━━ Material provided

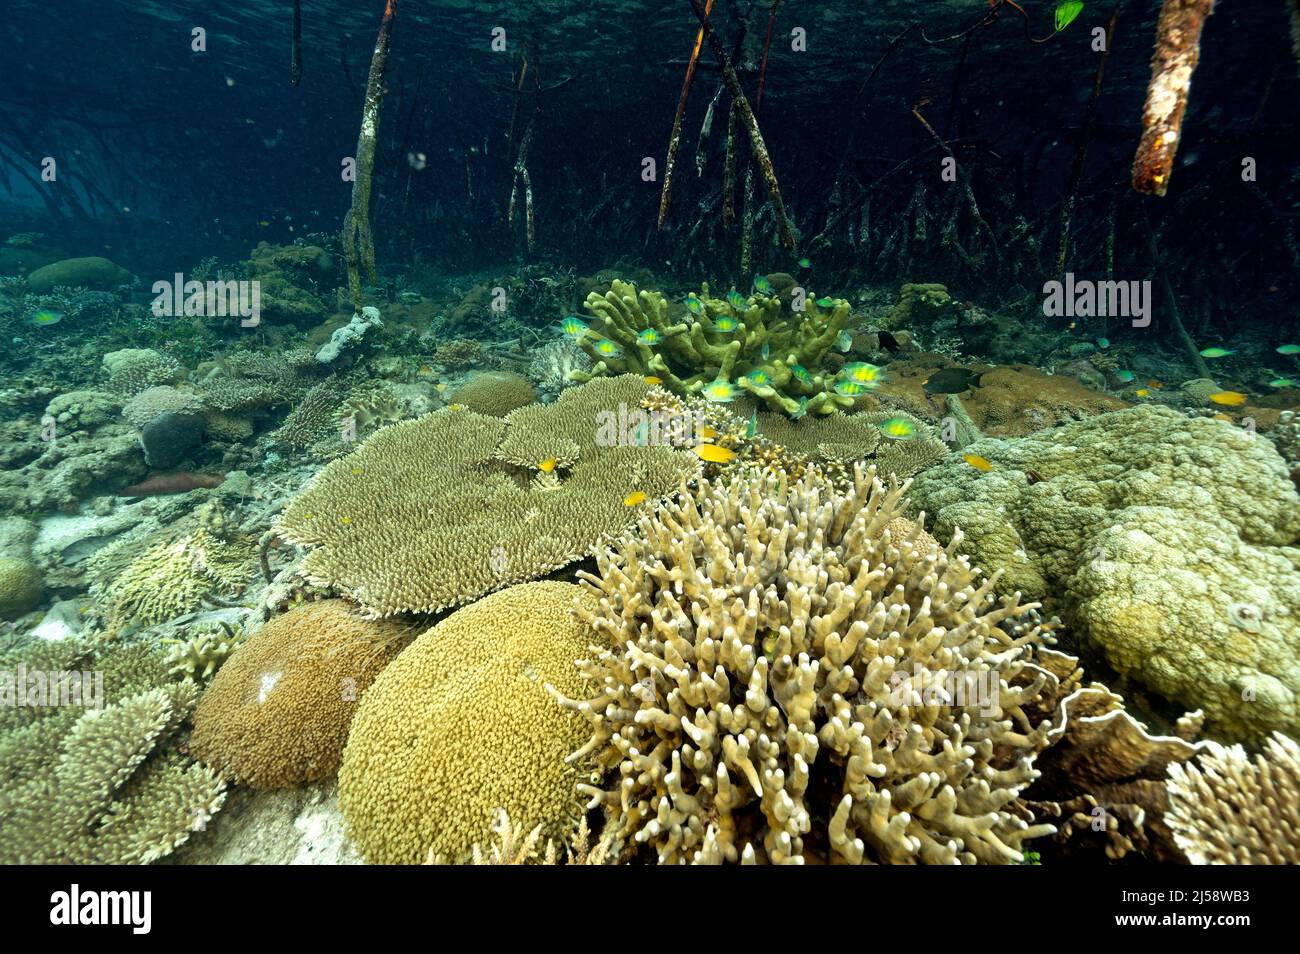 Reef scenic with hard corals under mangrove forest, Raja Ampat Indonesia. Stock Photo
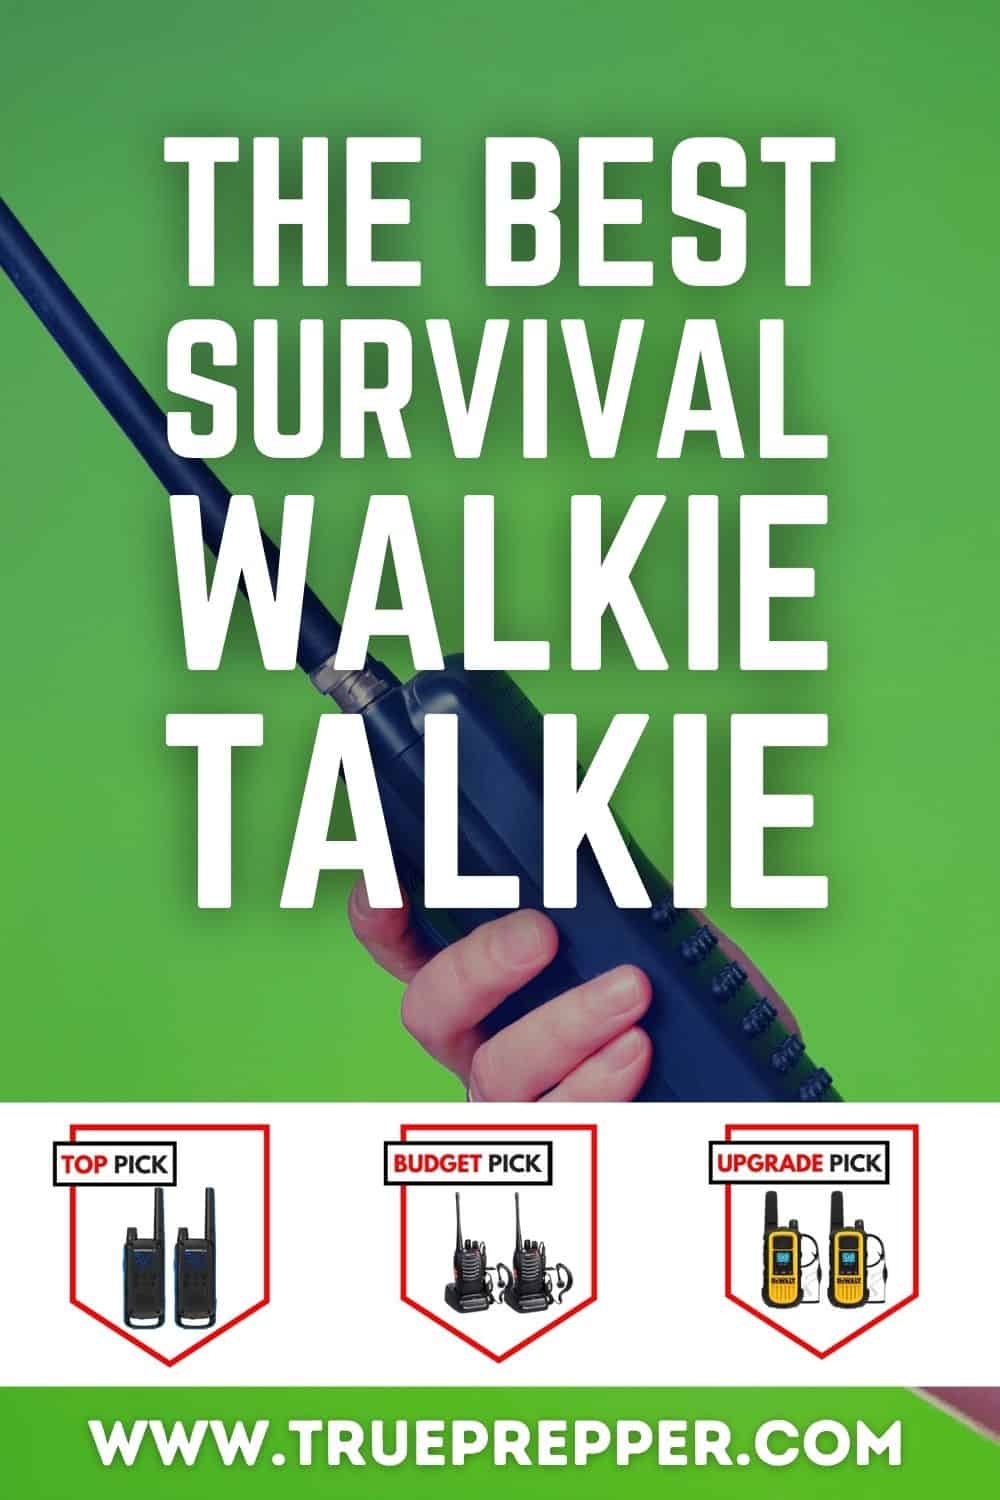 The Best Survival Walkie Talkie for Emergencies and Prepping.
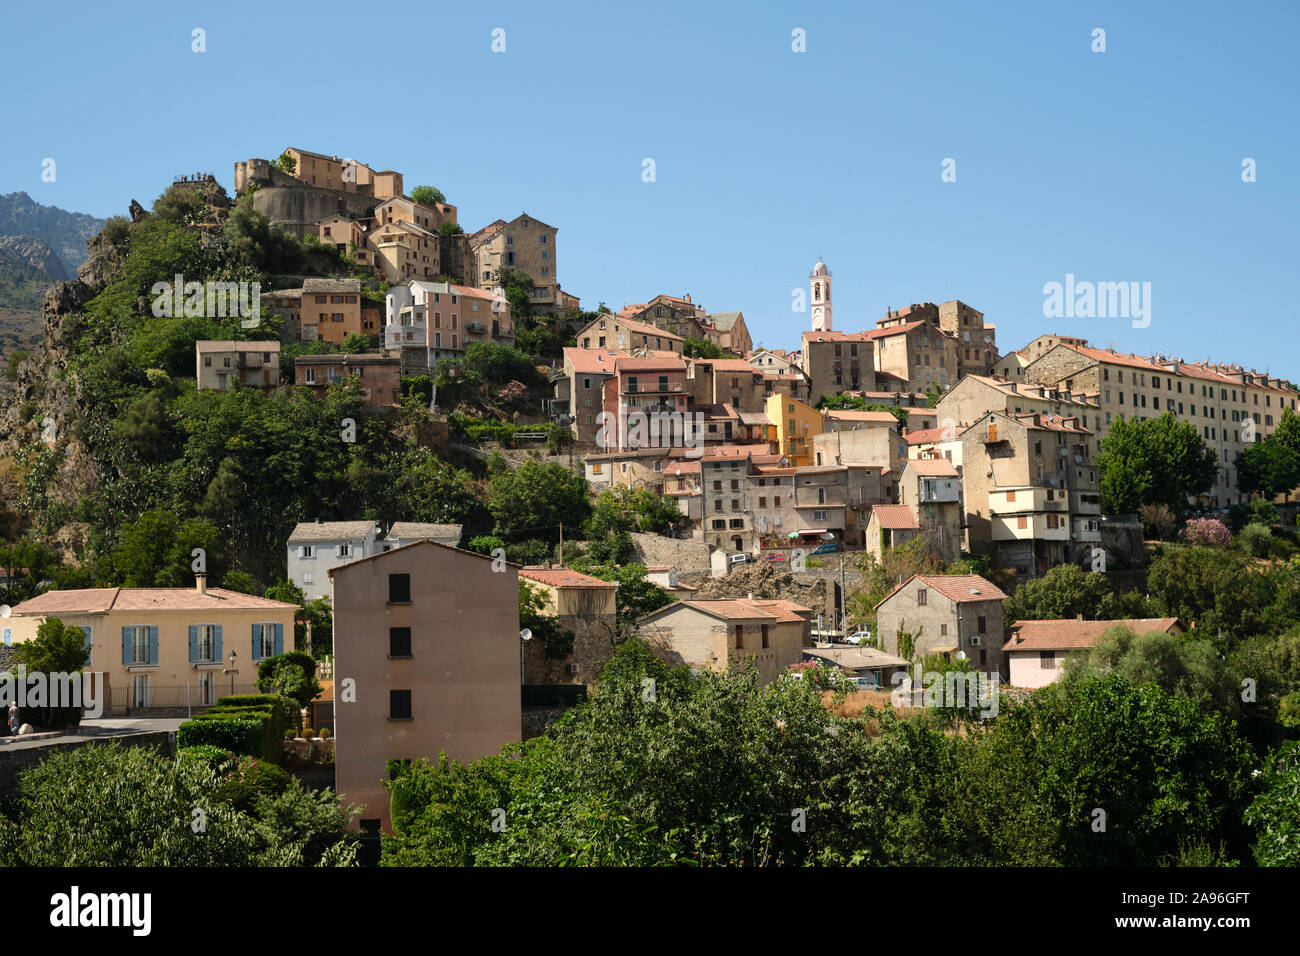 The Citadel and the hilltop Old Town of Corte in central Corsica,  Haute-Corse, France, Europe - Corsica mountain village landscape Stock Photo

━━━━

-- Required action --
When you retype the listing, keep every line exactly as it is and drop the pictures.

-- Reply to the exercise --
 Reef scenic with hard corals under mangrove forest, Raja Ampat Indonesia. Stock Photo
 The Best Survival Walkie Talkie for Emergencies and Prepping.
 The Citadel and the hilltop Old Town of Corte in central Corsica,  Haute-Corse, France, Europe - Corsica mountain village landscape Stock Photo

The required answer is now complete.